The Forensics of High Concentrate Fertilizer of DAP, MAP, and GTSP. J. Falls, CF Industries, Inc., Plant City, FL, USA
High concentrated fertilizer products are shipped around the world and can be contaminated with other types of fertilizer products during the transportation and storage. The identification of the contamination is necessary to settle disputes in the industry. The chemistry of reactions in the manufacture of products will be discussed with typical analysis of products, including Diammonium Phosphate (DAP), Monoammonium Phosphate (MAP) and Granular Triple Super Phosphate (GTSP). Trace elements will be identified to help in the origin of manufacture. Physical contamination is obvious in identifying the contamination, but ground samples make the process more difficult in determining the contamination. An analytical chemistry process will be discussed to identify contamination in fertilizer products using ICP-OES and XRF.

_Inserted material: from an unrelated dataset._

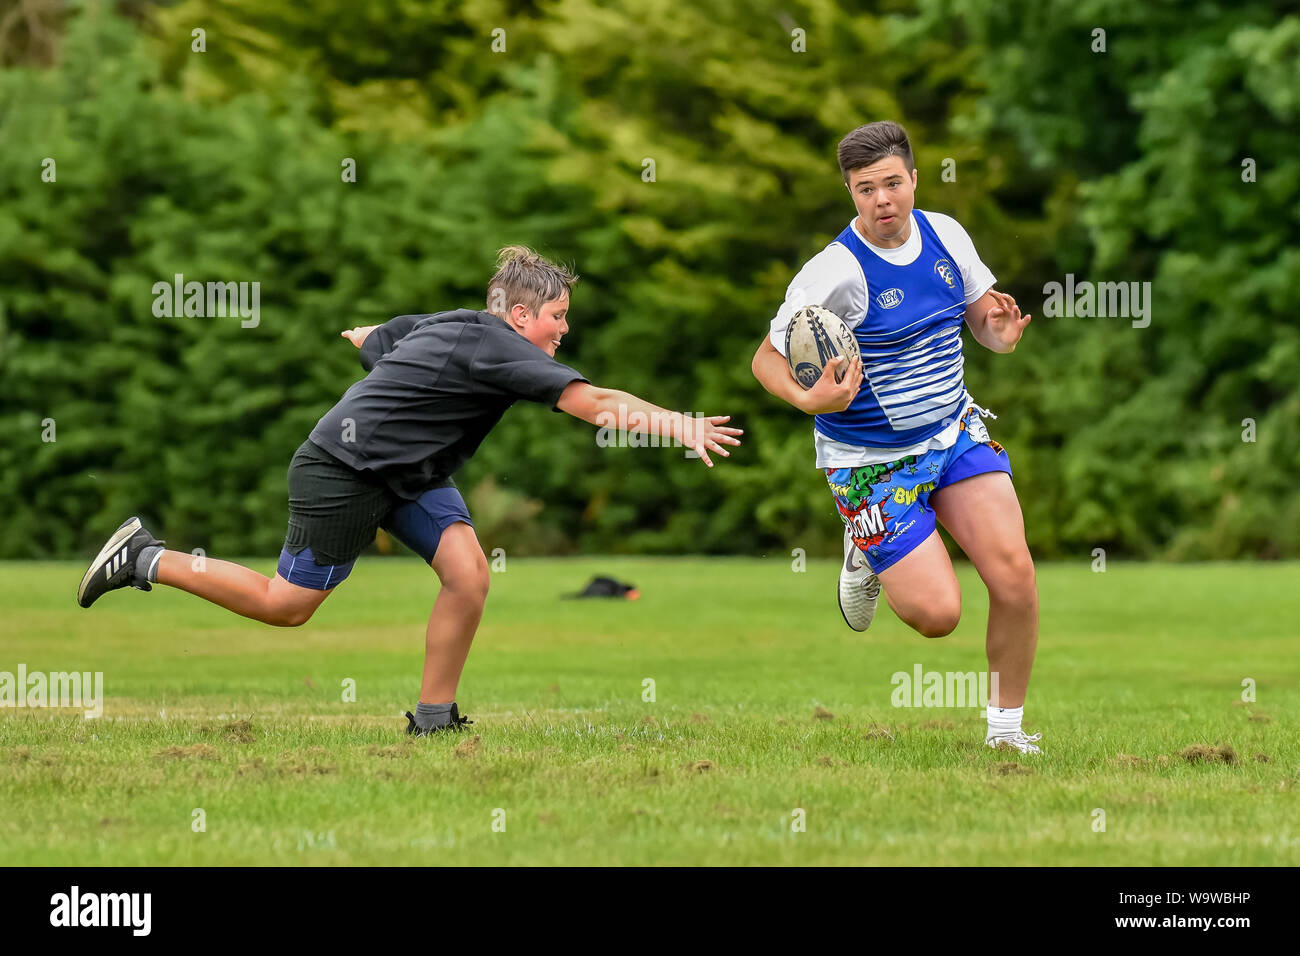 Young man (age 15-25) sprints with ball in hand as younger player (age 14-20) stretches to make a touch tackle at amateur Touch Rugby festival Stock Photo

Detecting and Quantifying Prions: Mass Spectrometry-based Approaches. Christopher J. Silva1, Bruce C. Onisko2, Irina Dynin1, Melissa L. Erickson1, J. Mark Carter1, 1United States Department of Agriculture, Agricultural Research Service, Western Regional Research Center, Albany CA, 94710 USA, , 2OniPro Biosciences, Kensington, CA, USA
Prions are novel pathogens that cause a set of rare fatal neurological diseases know as transmissible spongiform encephalopathies. Examples of these diseases include Creutzfeldt-Jakob disease, scrapie and chronic wasting disease. Prions are able to recruit a normal cellular prion protein and convert it into a prion and thereby propagate an infection. Unlike other pathogens, the information necessary to propagate the infection is contained in the conformation of the protein comprising the prion isoform and not in nucleic acids. Prions and the normal cellular prion protein isoform have different physicochemical properties although they possess identical covalent structures. We exploit ultracentrifugation to isolate infectious prions and analyze them by mass spectrometry. This approach works on both proteinase K resistant and sensitive forms of prions. We use a nano LC-MS-MS system to quantitate the prions present in a sample. Our limit of detection is in the attomole range (10-18 mole). Oxidation of methionine has been proposed to be important in prion formation. Using mass spectrometry, we assessed the role of methionine oxidation in prion propagation in hamsters. We have used mass spectrometry to quantitate prions and determine the role of specific amino acids in the pathology of prions.